- **Work task**
Return exactly the lines from the one containing "Hersteller: Korntex Herstellernummer: KXWWBN" through the end of the material below, and leave the images out.

- **Information shown**
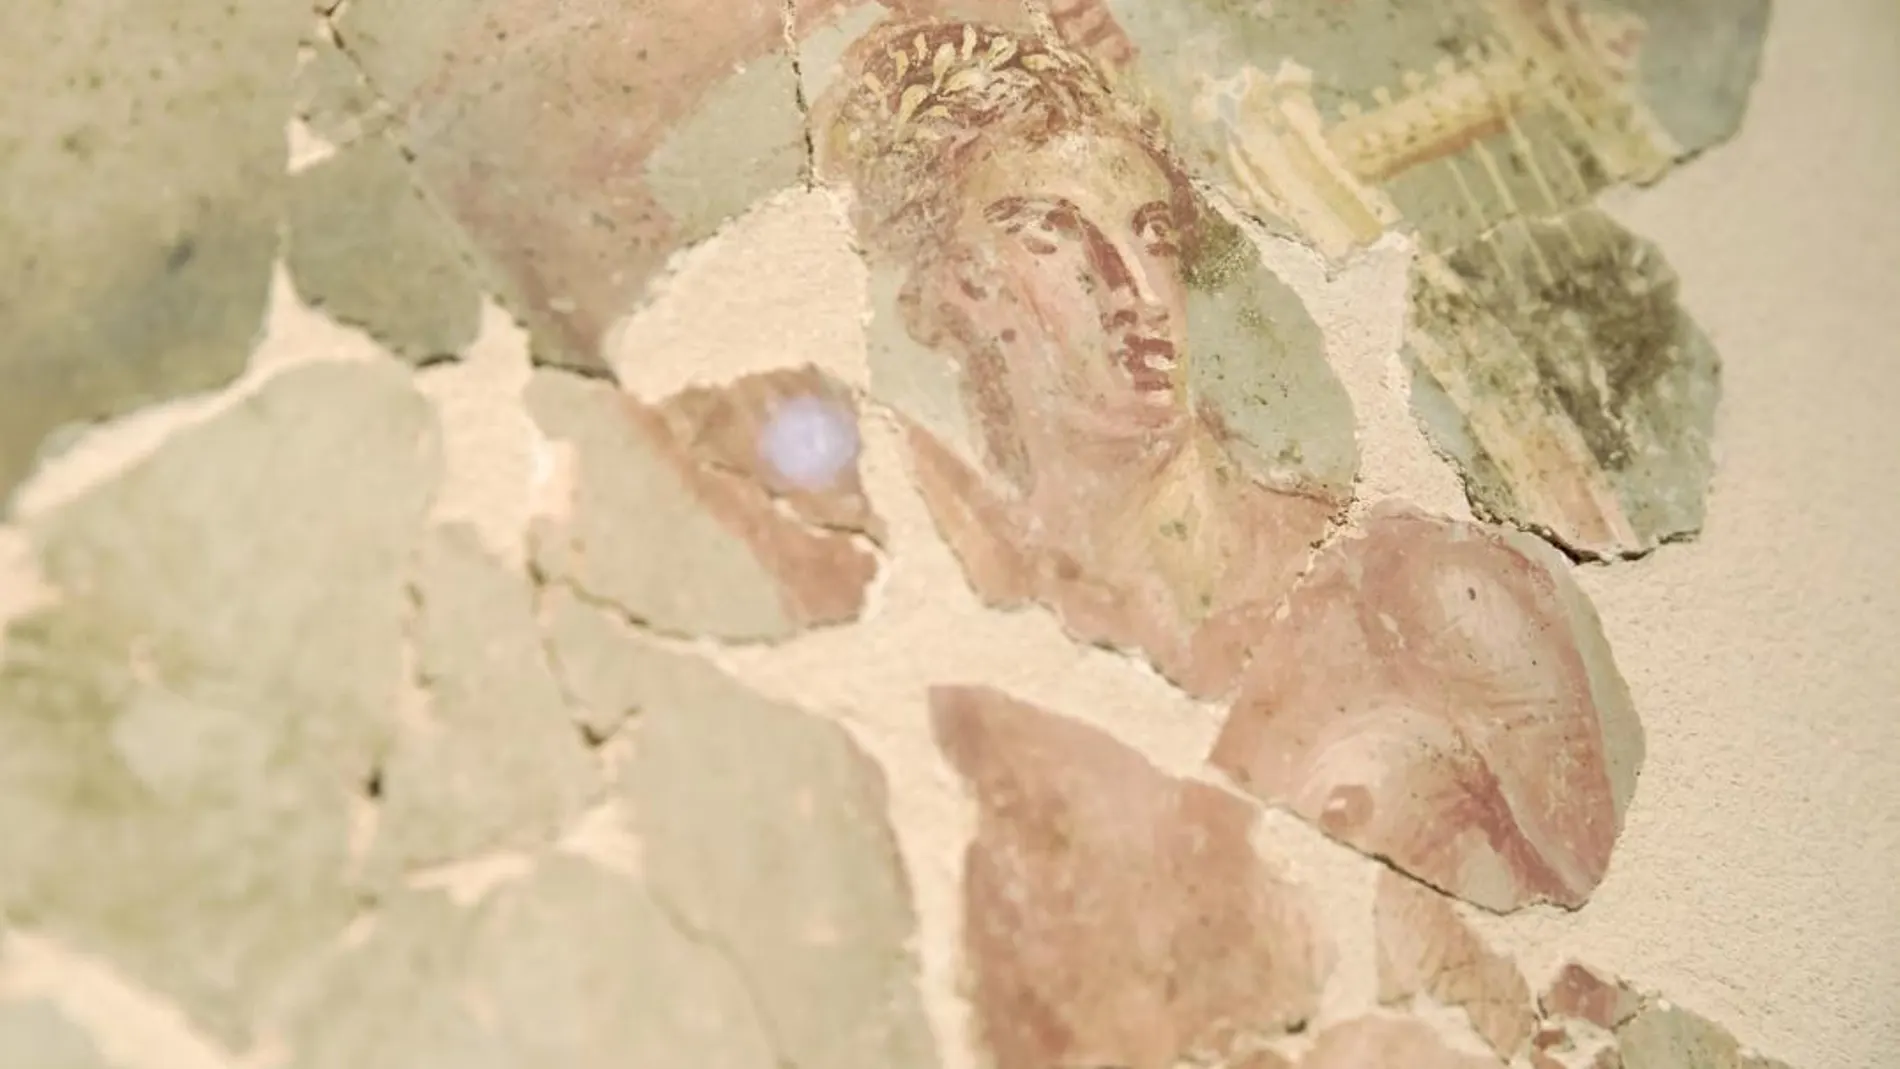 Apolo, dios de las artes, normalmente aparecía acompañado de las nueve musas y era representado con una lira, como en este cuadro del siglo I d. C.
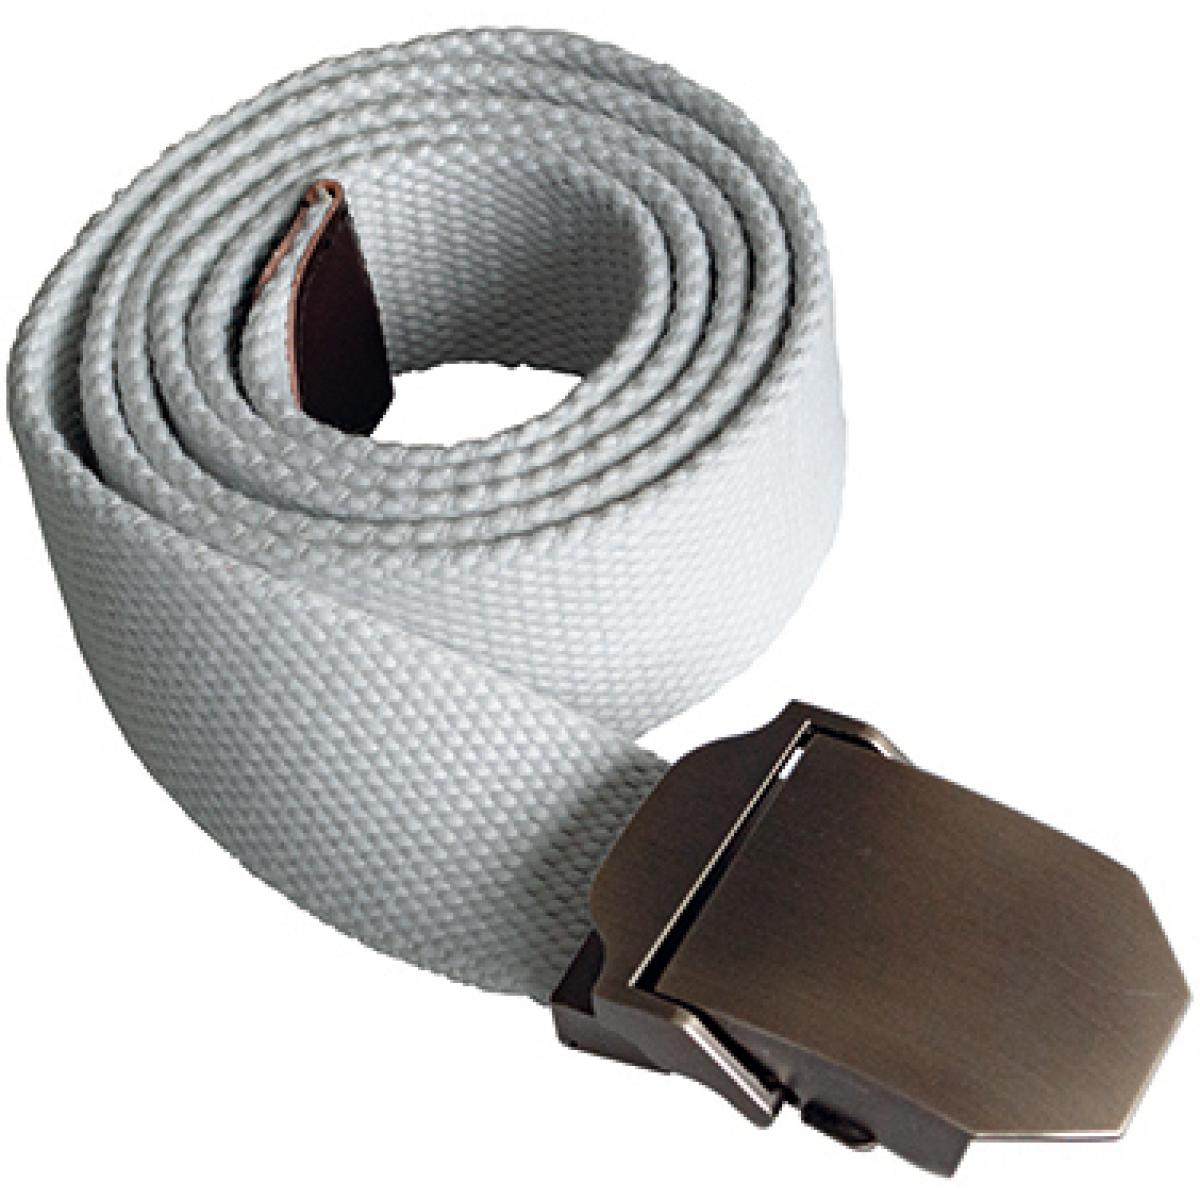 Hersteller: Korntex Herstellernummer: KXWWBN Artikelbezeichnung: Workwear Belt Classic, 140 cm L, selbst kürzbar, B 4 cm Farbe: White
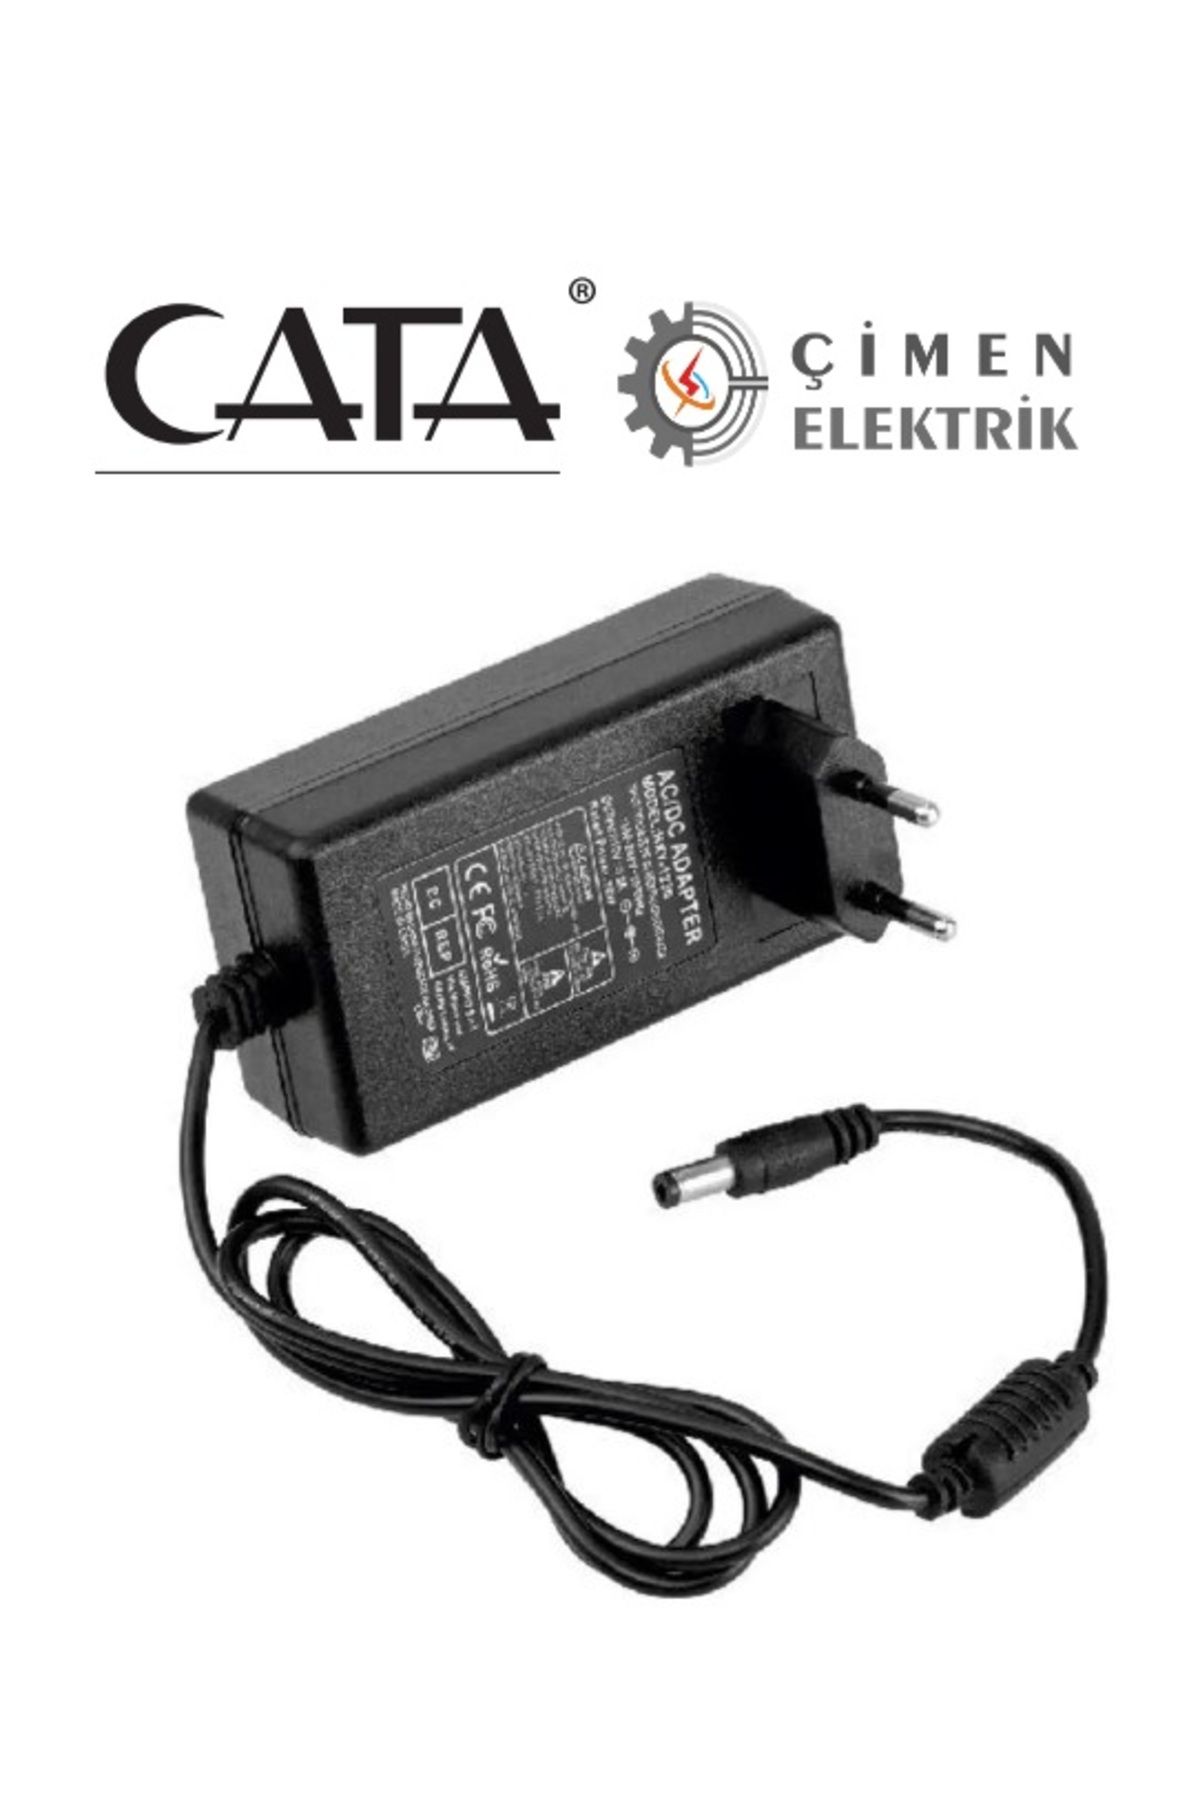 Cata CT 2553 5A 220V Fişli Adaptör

- **Completed task**
 Hersteller: Korntex Herstellernummer: KXWWBN Artikelbezeichnung: Workwear Belt Classic, 140 cm L, selbst kürzbar, B 4 cm Farbe: White
 Cata CT 2553 5A 220V Fişli Adaptör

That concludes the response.